Время «файв-о-клок» пока не наступило, и здесь было почти безлюдно. Они заняли столик у окна. Марк прислушался. На пустой эстраде саксофонист играл «Blue Valentine». Саксофон грустно пел блюз одинокому сердцу. Непонятная тревога вдруг стеснила грудь – будто уже стоишь на краю обрыва, и ветер настойчиво подталкивает тебя в спину, чтобы ты упал… Прогоняя непрошенную печаль, он упрямо тряхнул головой. На лоб непокорно упала каштановая прядь.

Дядя щелкнул пальцами, подзывая официанта. Нимало не заботясь о вкусах своего спутника, обсудив меню с подошедшим лично метрдотелем, сделал заказ на двоих. Потом открыл портсигар, но прежде чем закурить, вгляделся Марку в глаза. Слишком пристально, слишком долго, словно хотел разглядеть в их синеве что-то очень важное для себя. Затем, улыбнувшись, откинулся на спинку стула.

– Я заказал нам салат с мидиями под белым соусом и бутылку «Божоле», для начала. Не спросил, ты пьешь? Или стоит подождать твоего совершеннолетия?

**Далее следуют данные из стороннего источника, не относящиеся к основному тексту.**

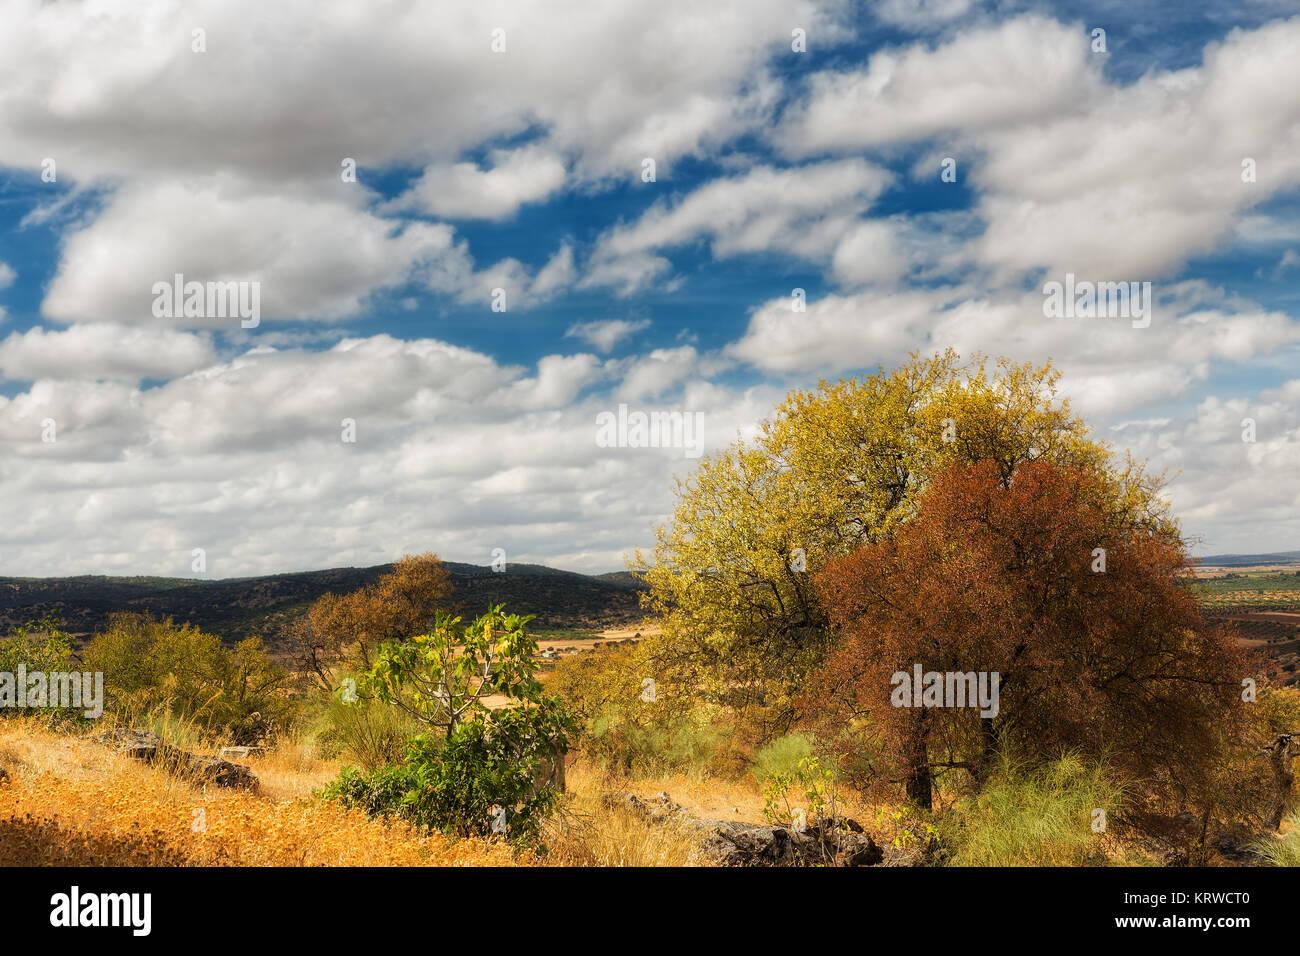 Paisaje con glamour, cerca de Nogales. España. Imagen De Stock

Ну и что, что ему было всего двадцать с хвостиком, а до дня рождения осталось несколько месяцев – дядино ироничное замечание неприятно задело самолюбие. Почему-то захотелось, чтобы этот человек исчез из его жизни навсегда. За едой, в отличие от искрящегося остроумием собеседника, Марк был настроен жевать молча.

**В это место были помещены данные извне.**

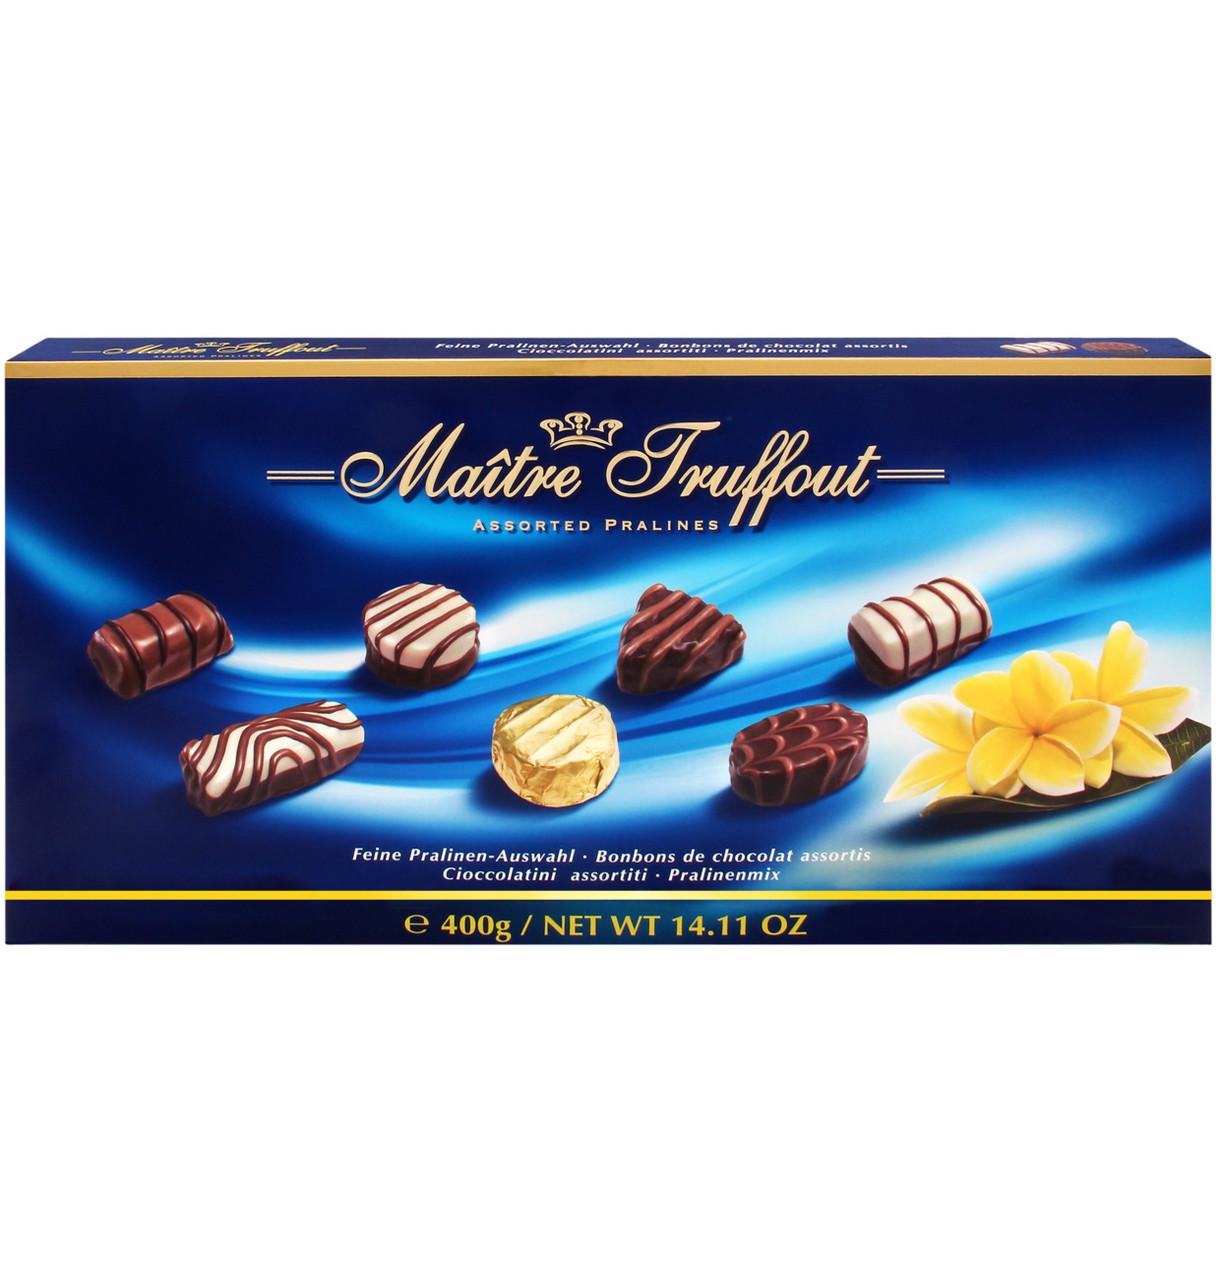 Шоколадные конфеты Maitre Truffout Assorted Pralines с пралине, 400 гр.

Неожиданно дядя предложил ему сложить ладони.

– Зачем это? – удивился он.

– Хочу кое в чем убедиться, – подмигнул тот.

Не совсем понимая, для чего это нужно, Марк сложил ладони, затем пальцы в определенном порядке и последовательности, как попросил дядя. С удивлением почувствовал легкое покалывание в подушечках пальцев. Воздух вокруг как-то странно завибрировал, он кожей ощутил давление, словно шел под водой, против течения. И быстро разомкнул ладони.

– Что это было? – спросил он настороженно.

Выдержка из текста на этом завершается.